The solution seemed to be that we needed to turn management of our world over to a wise, dispassionate, and highly educated elite that would make decisions based on logic and reason rather than the nationalistic and hateful tribalism that had herded us into World War II (and World War I only thirty years before) like stupid sheep screaming their way to the slaughterhouse.
Of course, in order to—at least in theory—make this most brilliant of all systems work efficiently, the technocrats put in charge of managing both our nation and world needed to be as insulated from the vile muck of political and national influences as possible. Therefore, government bureaucrats gained nearly ironclad job protections, academics with tenure were impossible to fire, judges were granted lifetime appointments, and the international organizations we supported were beyond the control of any one nation. This would—again, in theory—allow for the development and implementation of policies that were entirely separated from greed and hatred, which would eliminate any possibility of errors driven by partisan passions.
And, as we all know now, our world is today a paragon of Platonic perfection.

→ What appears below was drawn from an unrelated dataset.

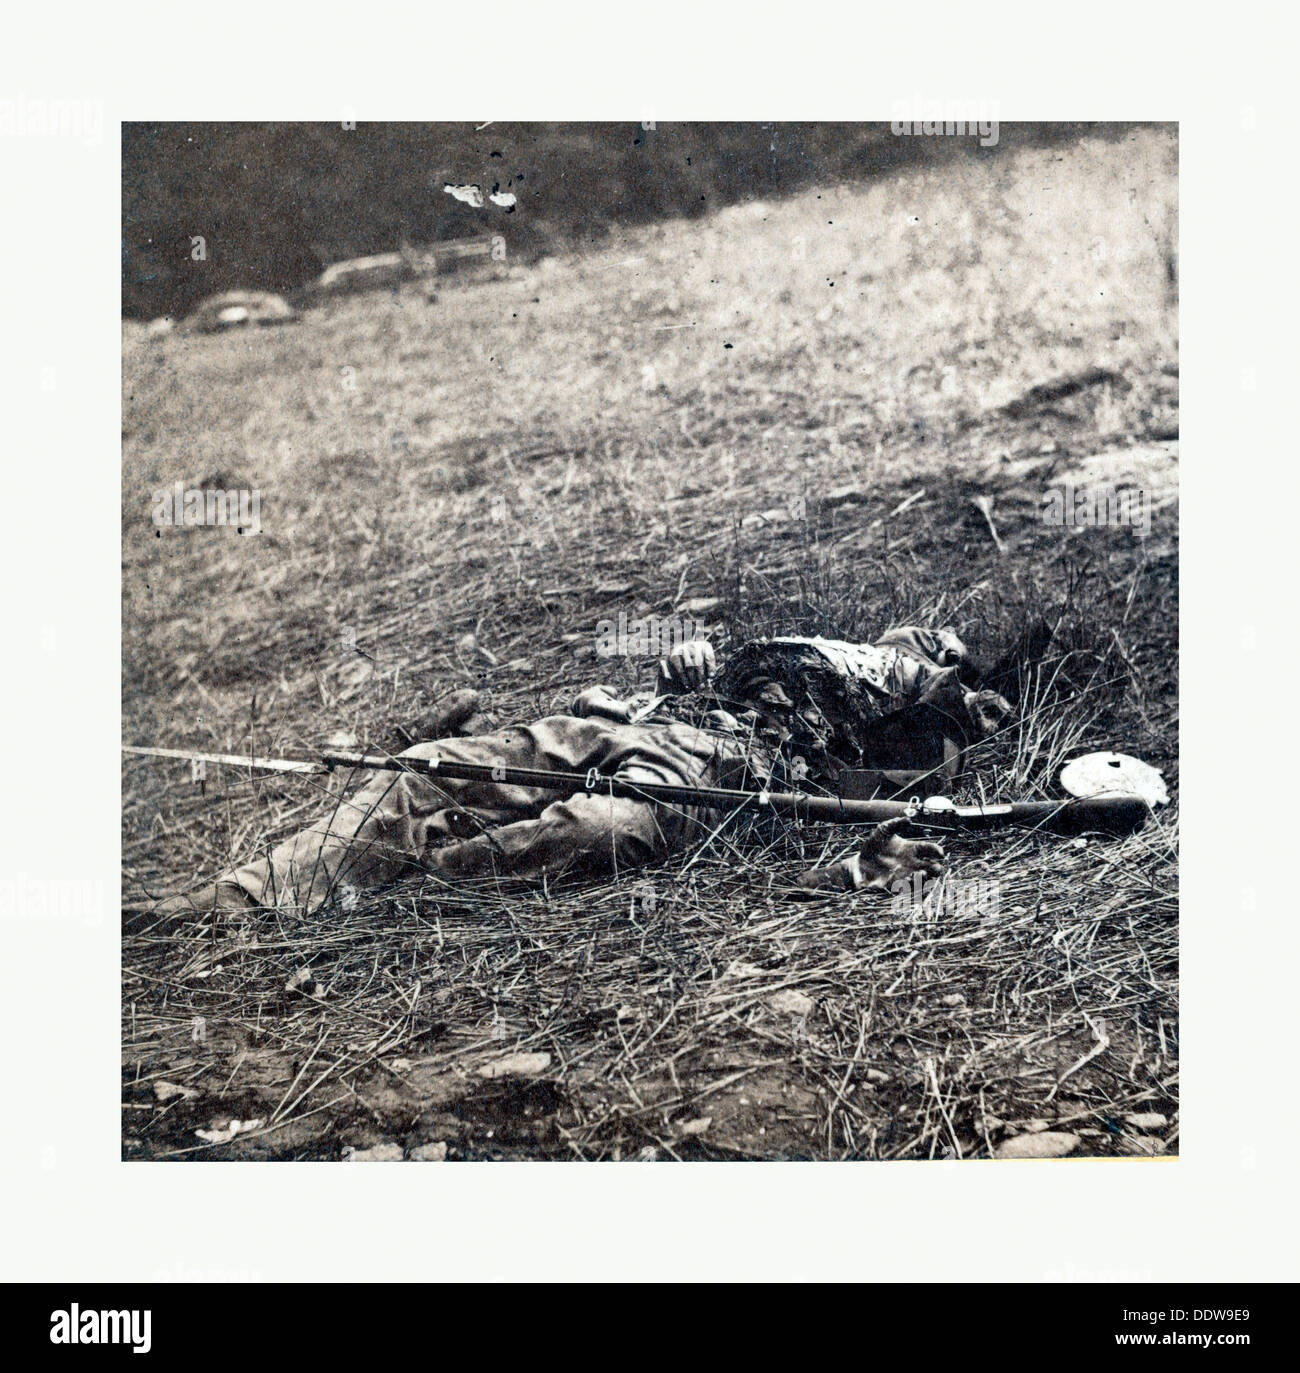 Guerra Civil americana: la guerra efecto de una shell en un soldado confederado en la batalla de Gettysburg, los restos de un soldado muerto Foto de stock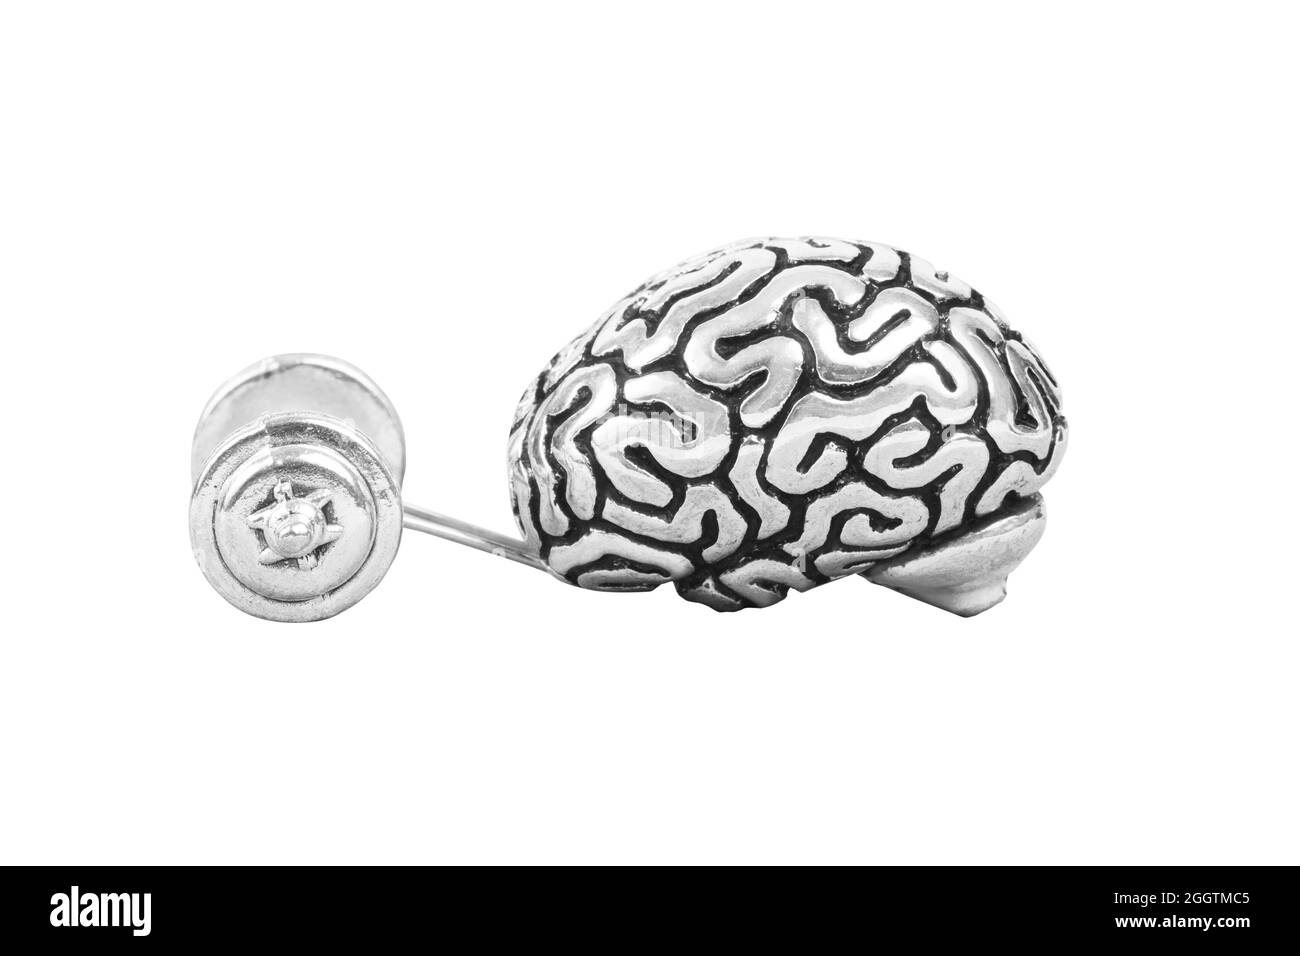 Cerebro humano levantando una pesa fuerte. Concepto de entrenamiento cerebral. Foto de stock

Right?
A funny thing has happened on the way to a utopia designed and managed by the smartest people on our planet. It turns out that geniuses can make some awfully stupid decisions, and removing these big brains from any prospect of accountability has led to an insular arrogance that can be just as destructive as bombs and bullets.
First off, the idea that any human being could be hermetically sealed from the world around us—much less their own private weaknesses and ambitions—was always a bit much to hope for. The lures of power, money, sex, and nepotistic empire building are apparently present whether one is a United Nations bureaucrat or Chicago Alderman. Politics inevitably finds its way into every human enterprise, which turns out to be a bigger problem than we originally imagined when concocting our technocratic utopia. Corruption and incompetence is all around us, but our highly emotional and demonstrably inefficient democratic processes can sometimes help to keep the stench down to a manageable level.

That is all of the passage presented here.